ACTIVITY:
Produce an exact transcription of the data, with the images left out.

SUPPLIED DATA:
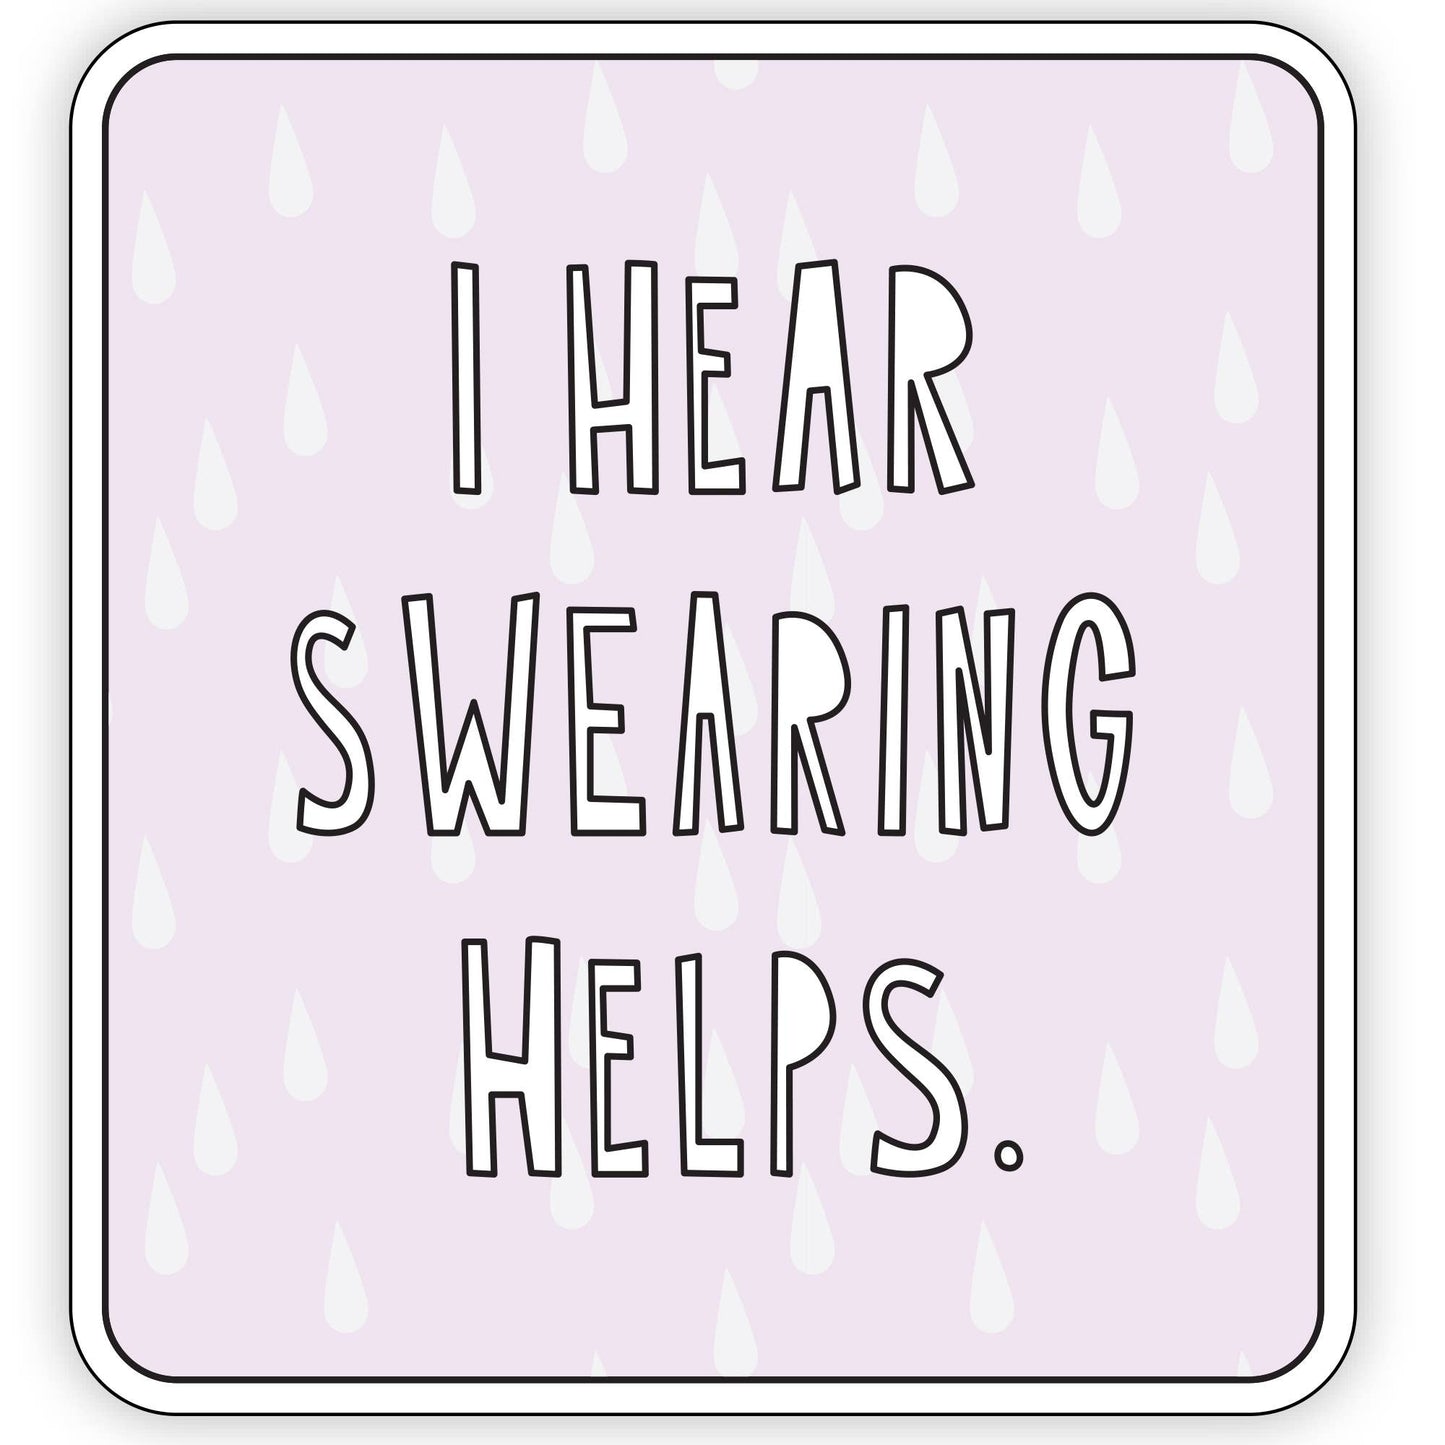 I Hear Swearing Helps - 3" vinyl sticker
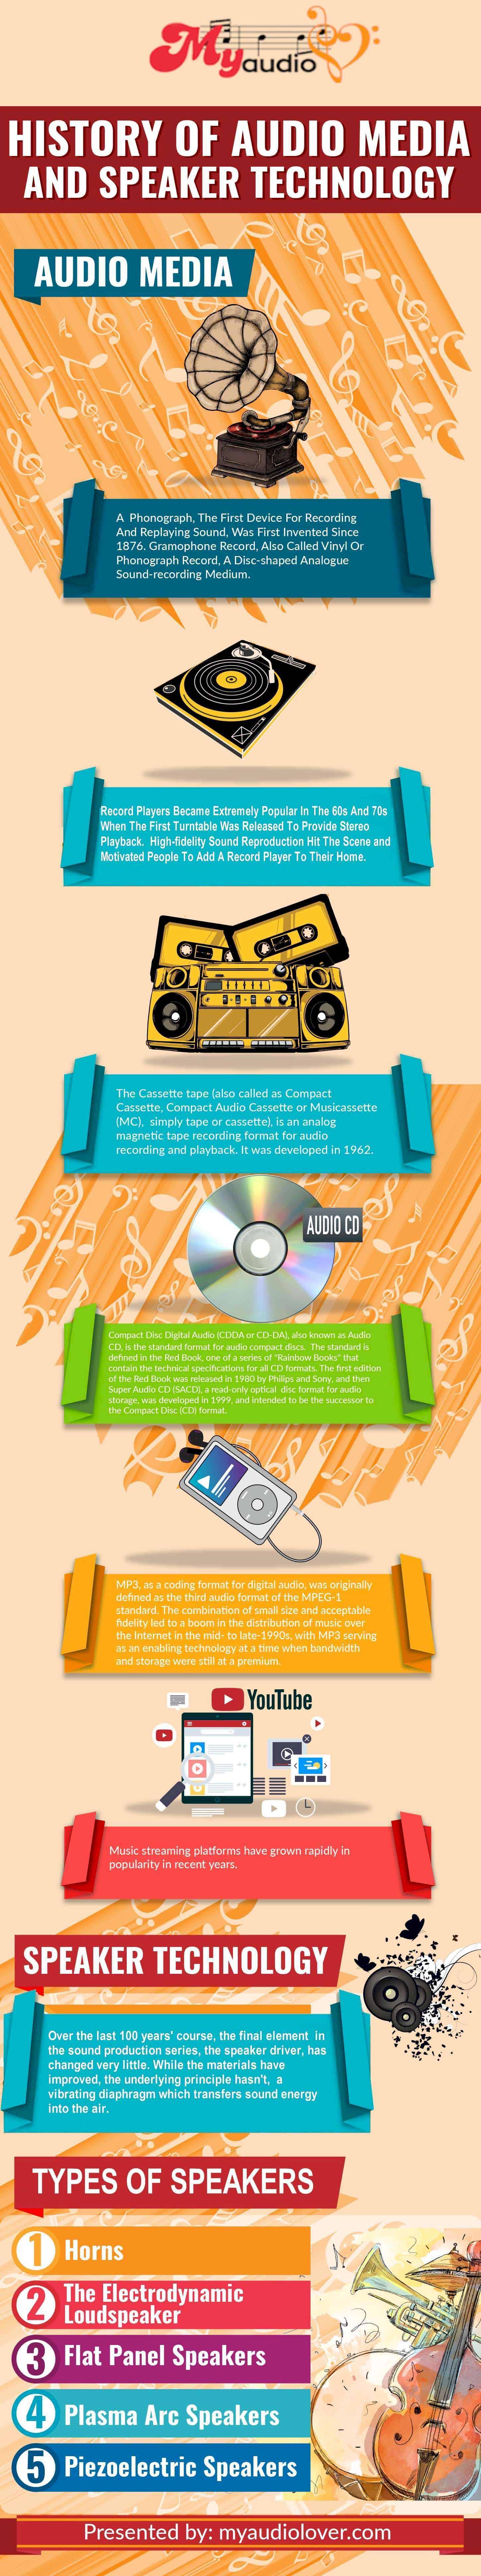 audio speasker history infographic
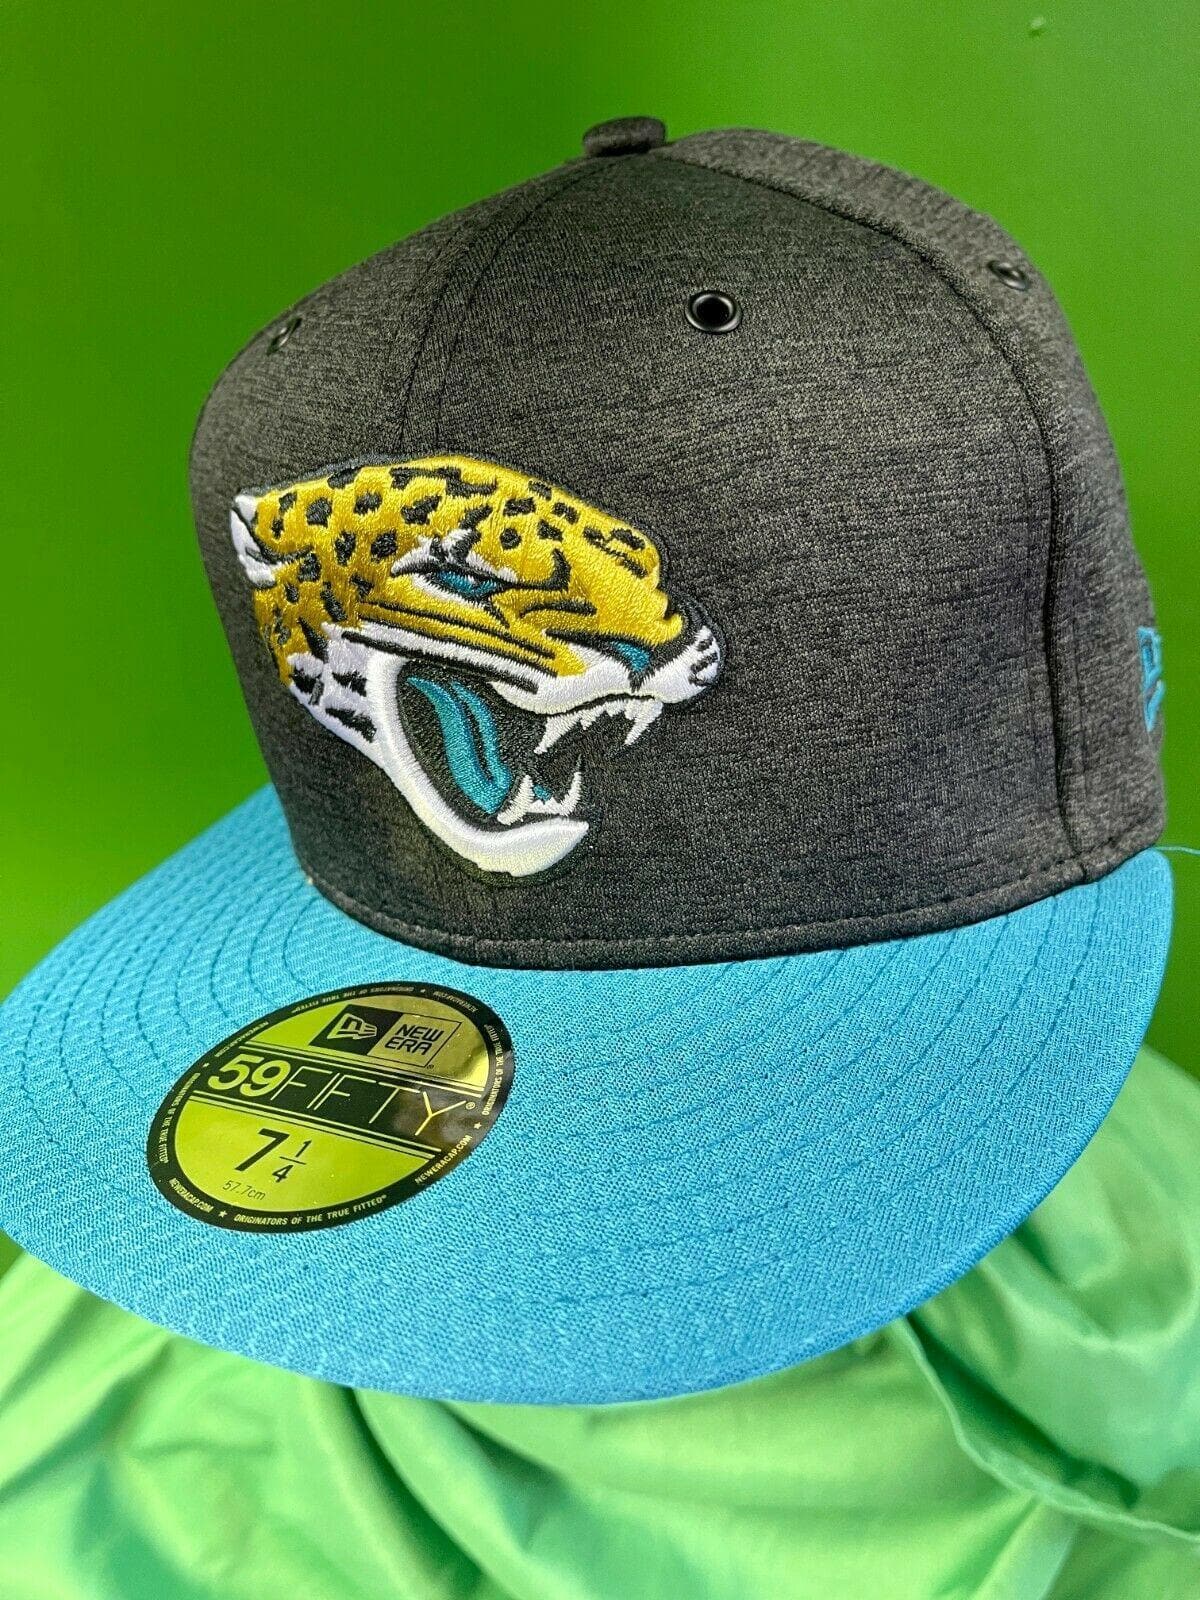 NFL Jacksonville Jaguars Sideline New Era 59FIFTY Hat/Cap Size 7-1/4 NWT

ANSWER TO THE EXERCISE:
 I Hear Swearing Helps - 3" vinyl sticker
 audio speasker history infographic
 NFL Jacksonville Jaguars Sideline New Era 59FIFTY Hat/Cap Size 7-1/4 NWT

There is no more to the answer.